- **Work to be completed**:
No pictures, nothing altered: return the data below.

- **Dataset extract**:
■ ■ ■ ■ ■ ■ ■
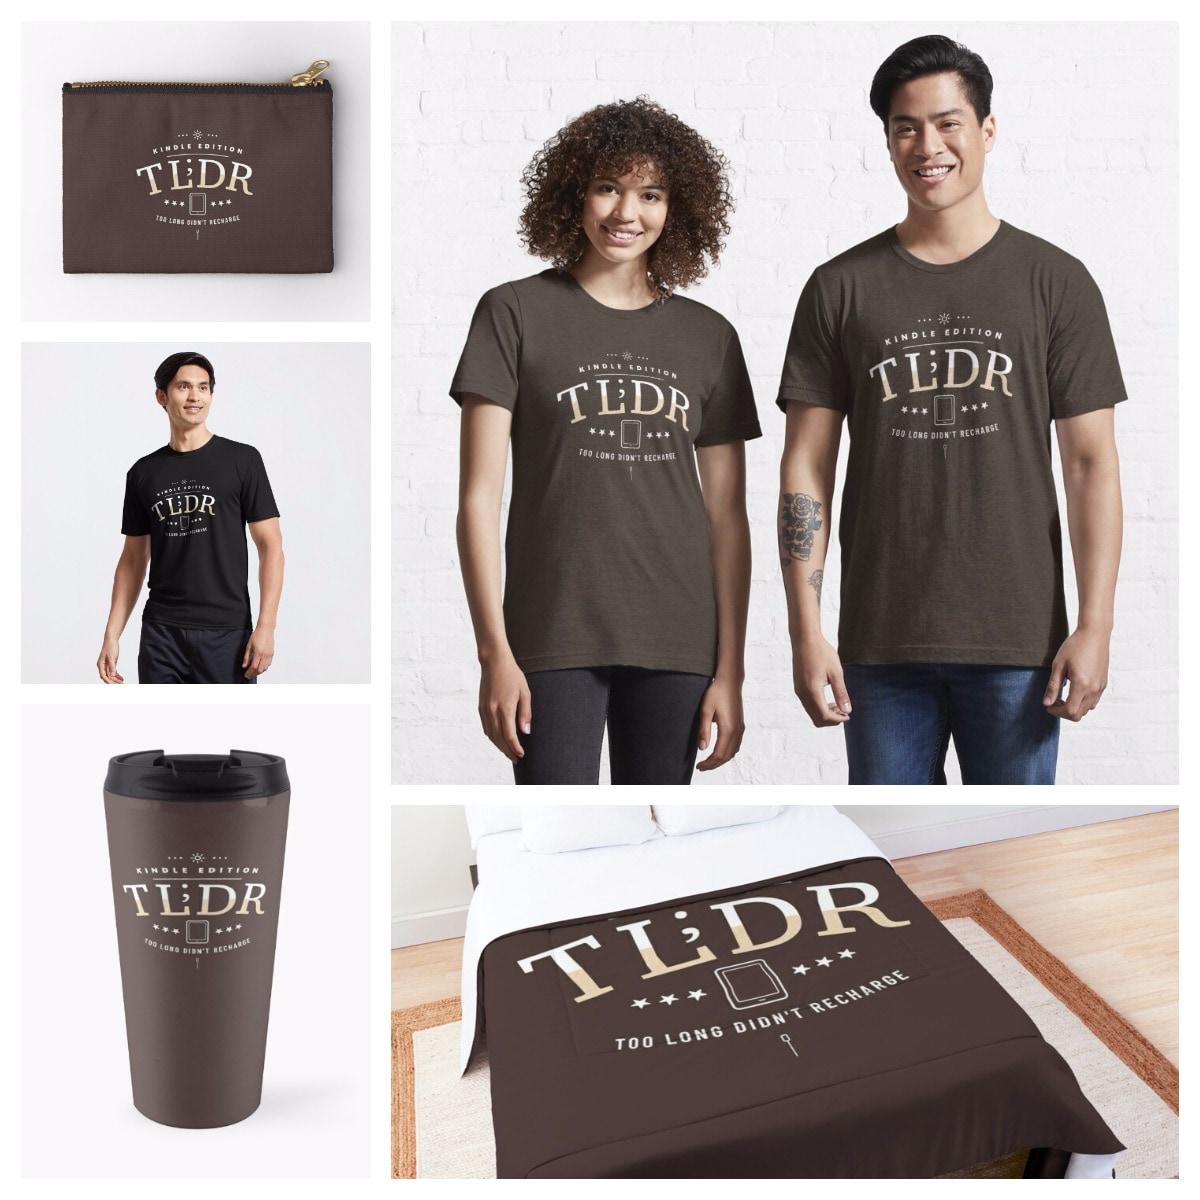 TL;DR Kindle edition - t-shirts, mugs, pouch, duvet
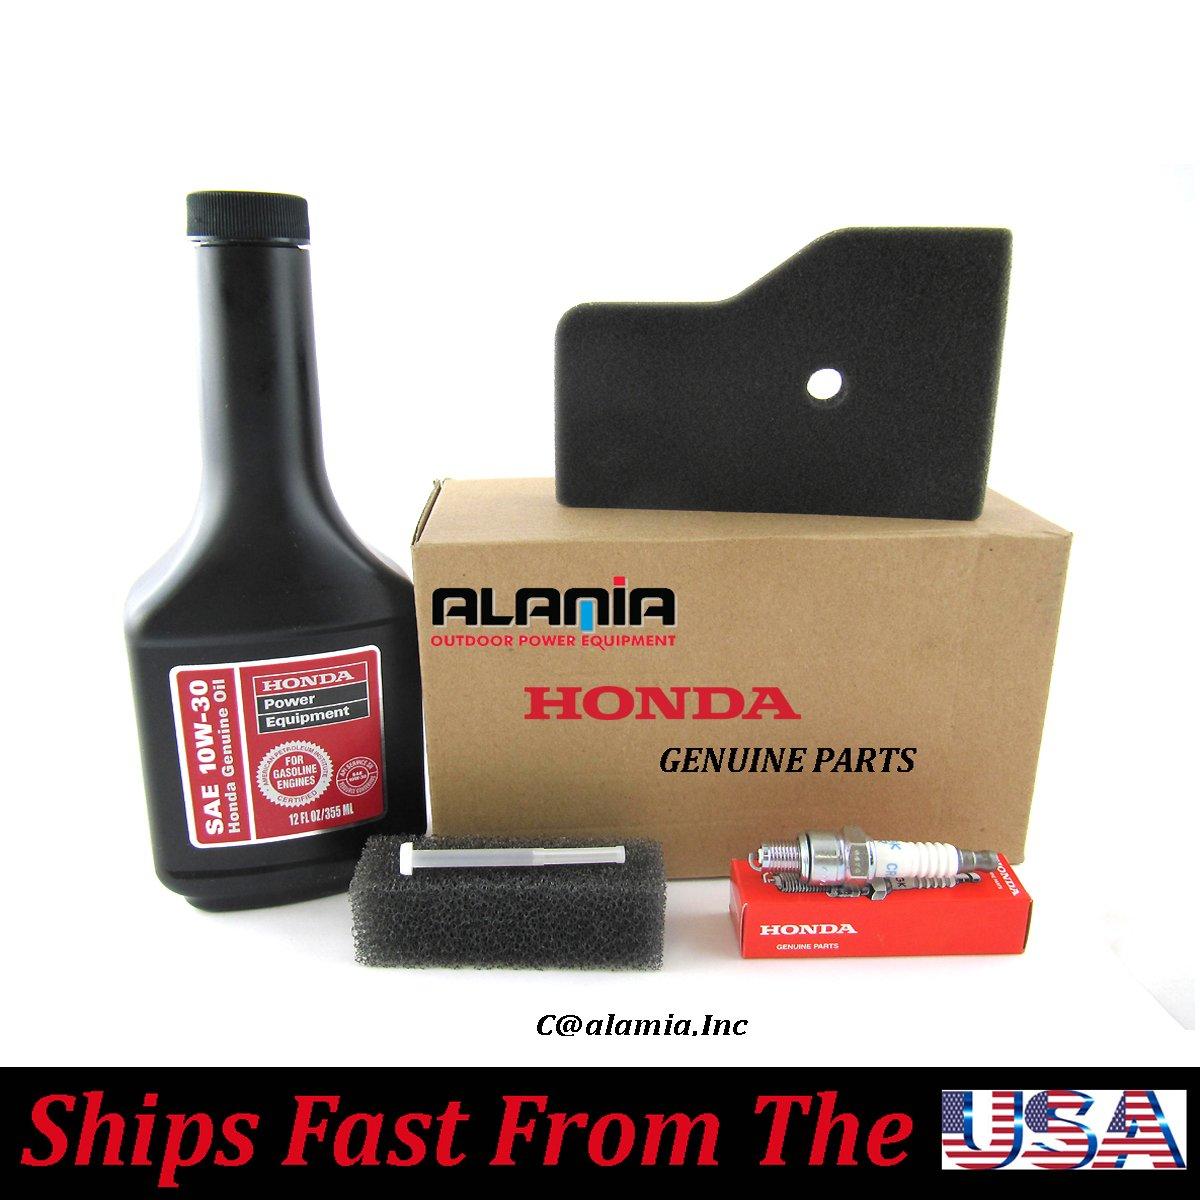 Alamia Inc Genuine Honda Eu2000i Generator Maintenance Tune Up Fuel Filters Kit Oil Spark Plug Filter
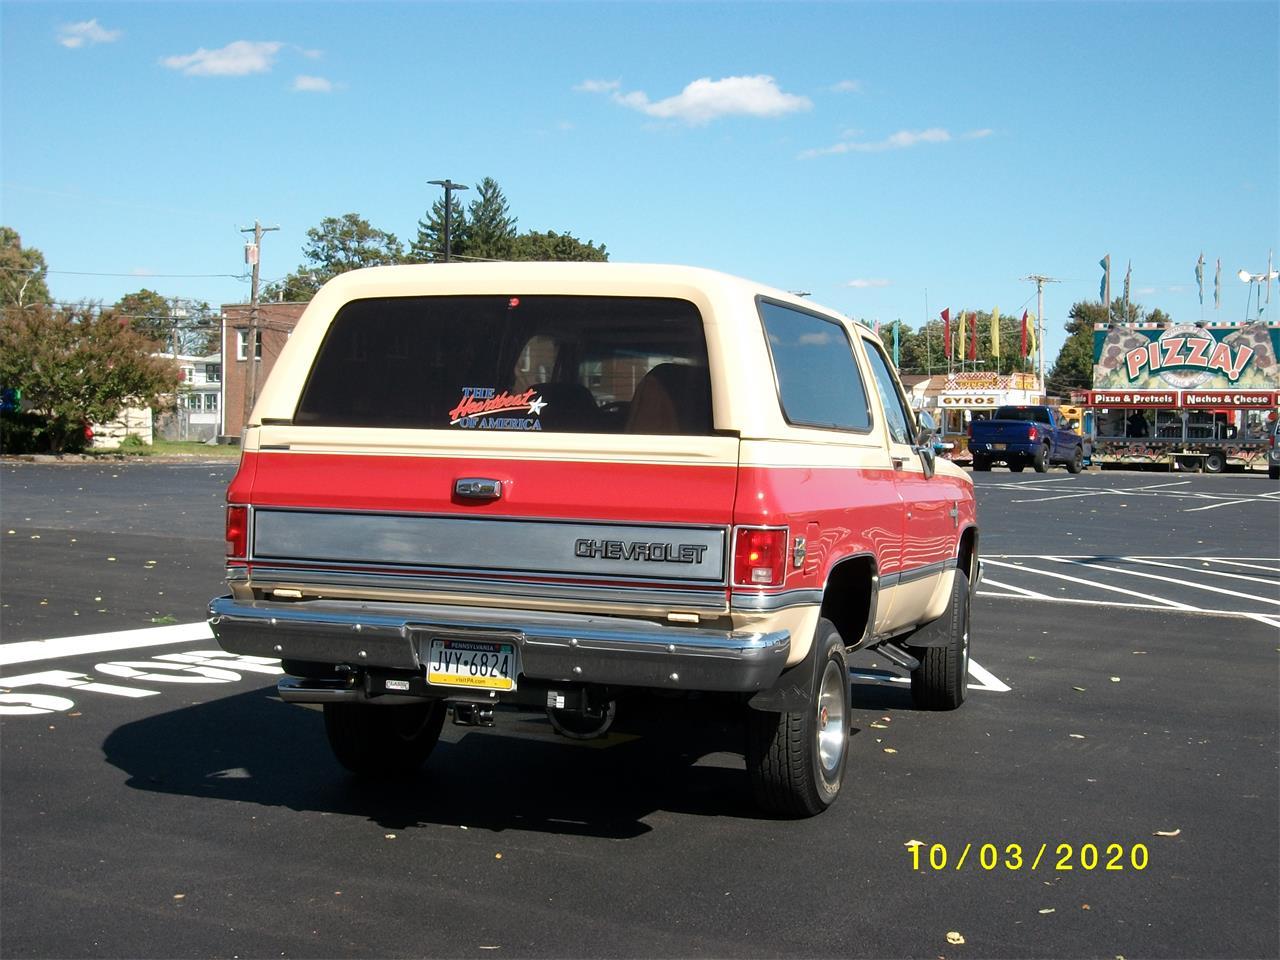 1988 Chevrolet Blazer (CC-1412364) for sale in Essington, Pennslyvania
■ ■ ■ ■ ■ ■ ■
- **Completed exercise**:
 TL;DR Kindle edition - t-shirts, mugs, pouch, duvet
 Alamia Inc Genuine Honda Eu2000i Generator Maintenance Tune Up Fuel Filters Kit Oil Spark Plug Filter
 1988 Chevrolet Blazer (CC-1412364) for sale in Essington, Pennslyvania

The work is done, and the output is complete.